In praise of FPGAs

Building an active data warehouse appliance

channel

All data warehouse appliances have a massively parallel architecture in which there are multiple nodes that put processing as close as possible to the disk drives.

In Netezza's Performance Server these nodes are known as Snippet Processing Units (SPUs: pronounced, incidentally, to rhyme with Gnu rather than being a homonym for throwing up - though Teradata might think otherwise) where a snippet is executable machine code (compiled SQL).

In hardware terms an SPU consists of an FPGA (field programmable gate array) and a PowerPC processor. Now, when vendors talk about using commodity hardware neither of these are the sort of things that spring to mind.

Nevertheless, FPGAs are widely used for graphics processing, video and audio streaming and other applications, while PowerPC chips are commonly employed in small profile devices. In particular, PowerPC chips have very low power requirements compared to PC chips: for example, a Netezza rack holding 5.5Tb of user data (16.5Tb actual capacity) has a power rating of just 4,180 watts and, of course, there is commensurately low heat output. Given the current pressures on data centres this is a significant advantage that Netezza has not made as much of as it might.

The way the FPGA works in Netezza's architecture is that it effectively works like an event processing engine: data is streamed from disk and then passes through the query that is represented by the snippet (and is loaded into the FPGA). I had not previously appreciated this until a recent visit to Netezza's user conference but you can imagine (if you are a regular reader) my interest.

While I was in Boston for Netezza's conference, I also had a meeting with Kaskad Technologies, which is a new entrant into the event processing space, helping to build the new fully electronic Boston Stock Exchange, which goes live on 27 October, with its surveillance application.

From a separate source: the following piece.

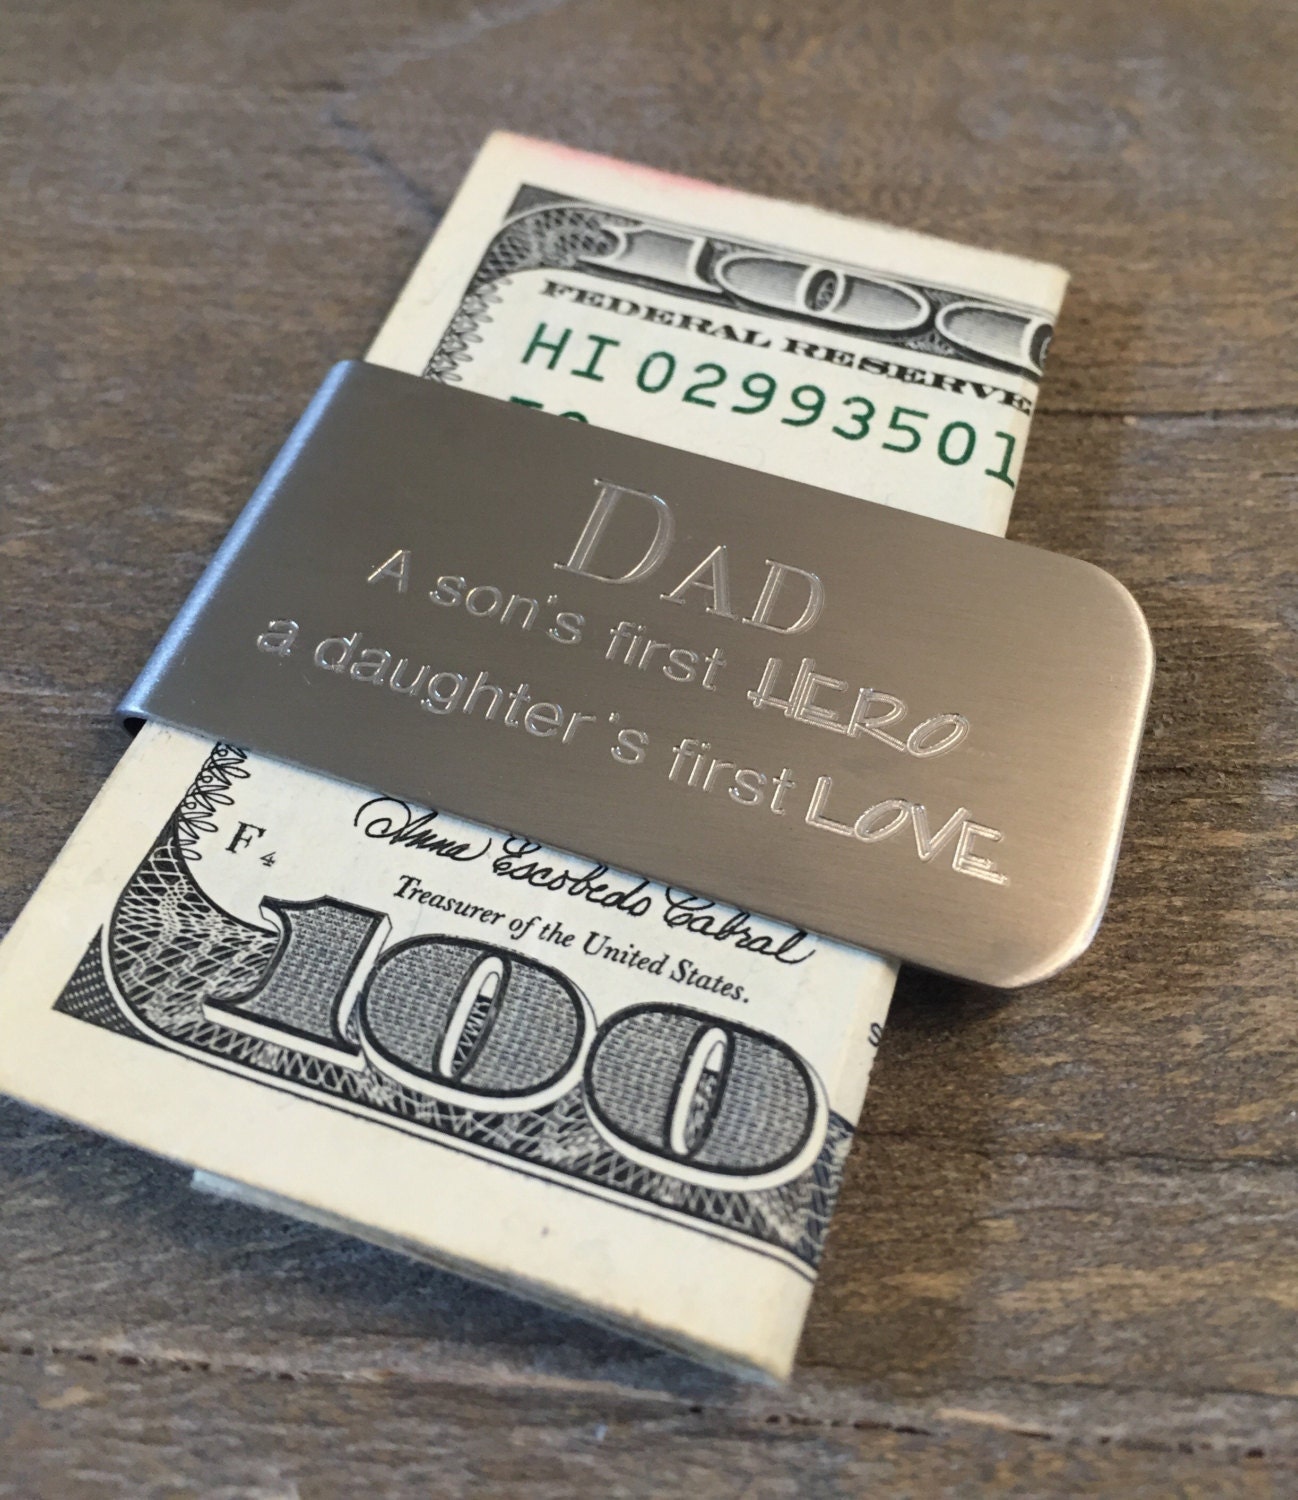 engraved money clip wallet

Now, Kaskad has done some clever things with its event processing product but it is more or less comparable to the conventional vendors (Progress, StreamBase, Coral8 et al) in architectural terms. However, what is much more interesting is that the company is already working on its second generation of event processing architecture. This will involve the use of multiple finite state machines running in parallel, hanging off a single bus.

In other words, instead of having a single large server you have multiple small servers running in parallel. And how is Kaskad planning to implement these small servers? Using FPGAs. And bearing in mind that FPGAs are the technology of choice for streaming applications this obviously makes sense.

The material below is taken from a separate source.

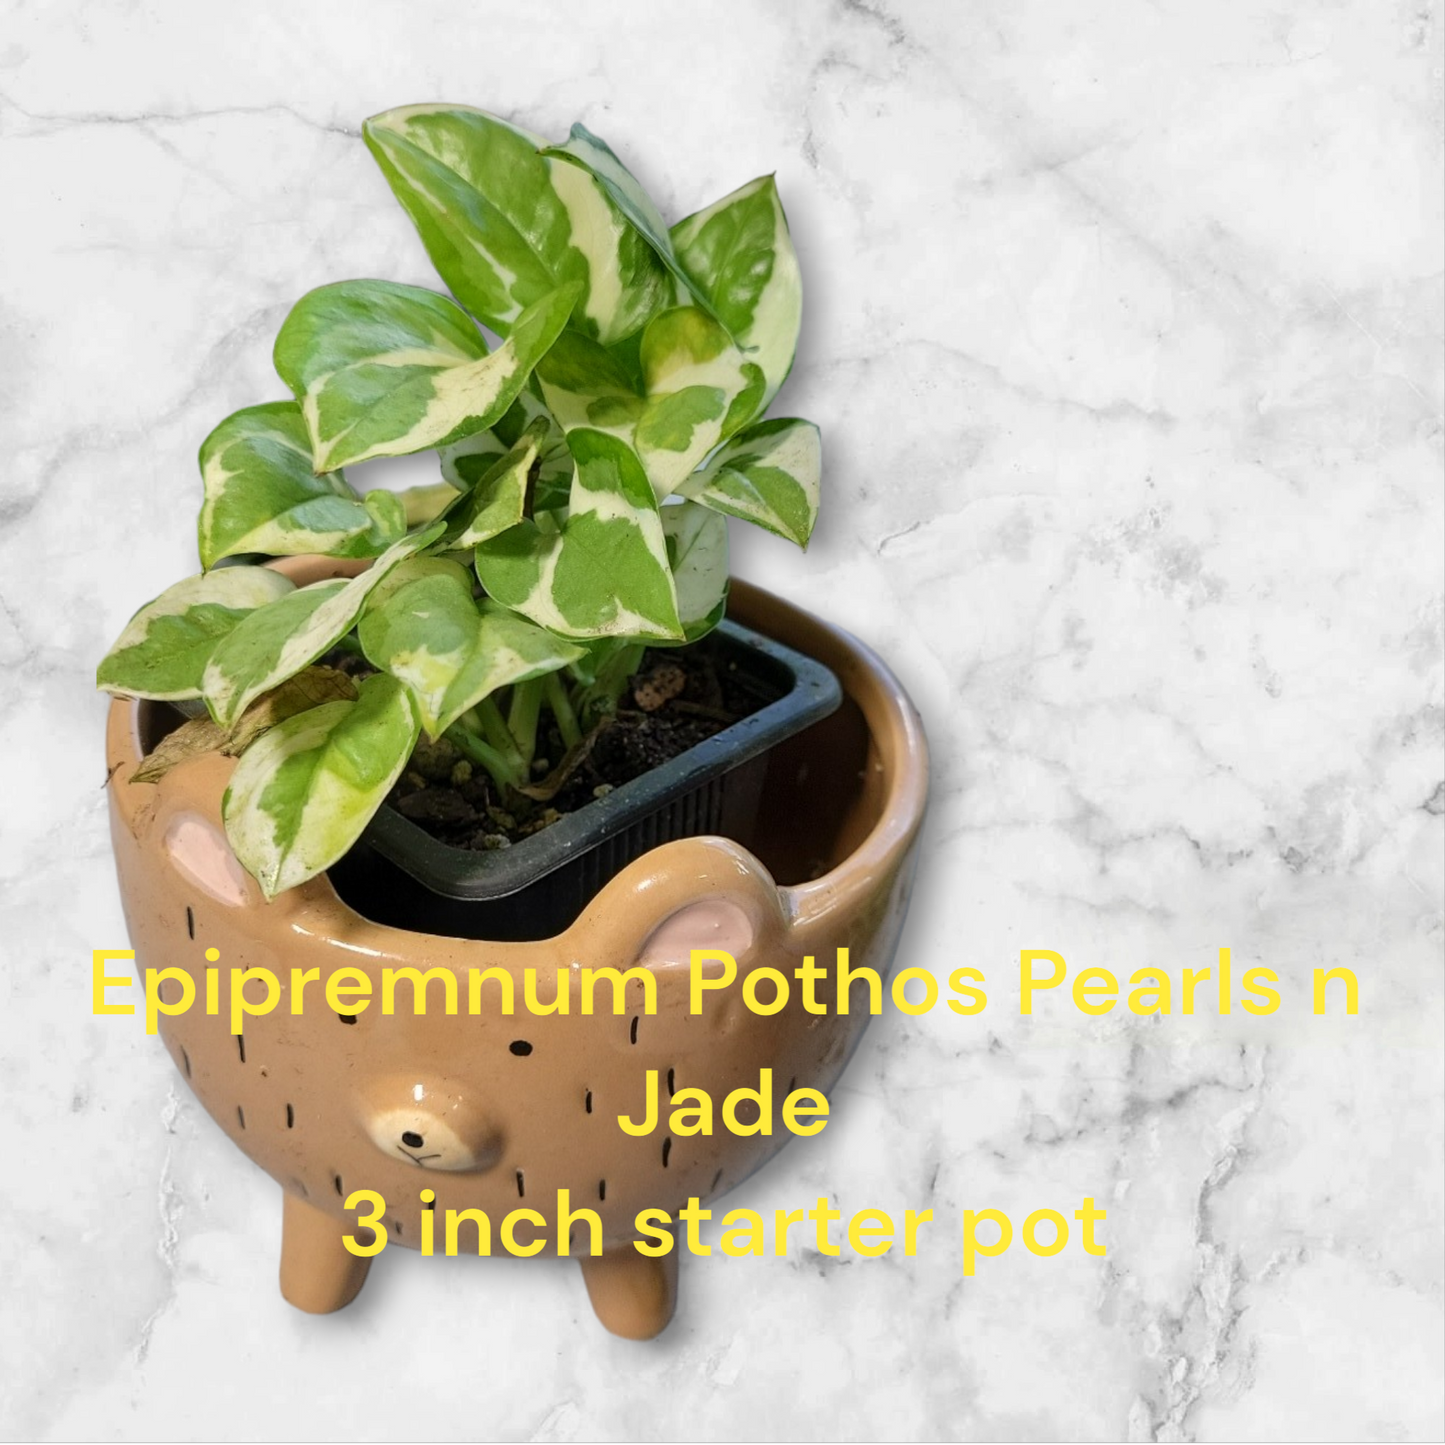 Epipremnum Pothos Pearls n Jade starter 3 inch pot. Photos b4 Shipping

Now, readers may recall that I recently suggested that a better way to do what Teradata calls active data warehousing (whereby you use change data capture to trickle feed the warehouse and then run actionable queries and processes) would be to front-end an event processing engine on to a data warehouse appliance. In fact, Sybase (albeit that Sybase IQ is not an appliance) is doing exactly this with its Risk Analytics Platform, for which Sybase is talking to a number of event processing vendors about front-ending their products.

However, the use of FPGAs opens up another possibility. Why not have different types of FPGA within the same architecture? You could have some FPGAs processing data that was streamed from disk and other FPGAs that processed data that was streamed from external environments off a bus.

In other words, you could build an active data warehouse appliance. Or, looking at it another way: an integrated event processing/warehouse environment. Given that you often want to access historic information for event processing purposes this could be an architecture that makes sense.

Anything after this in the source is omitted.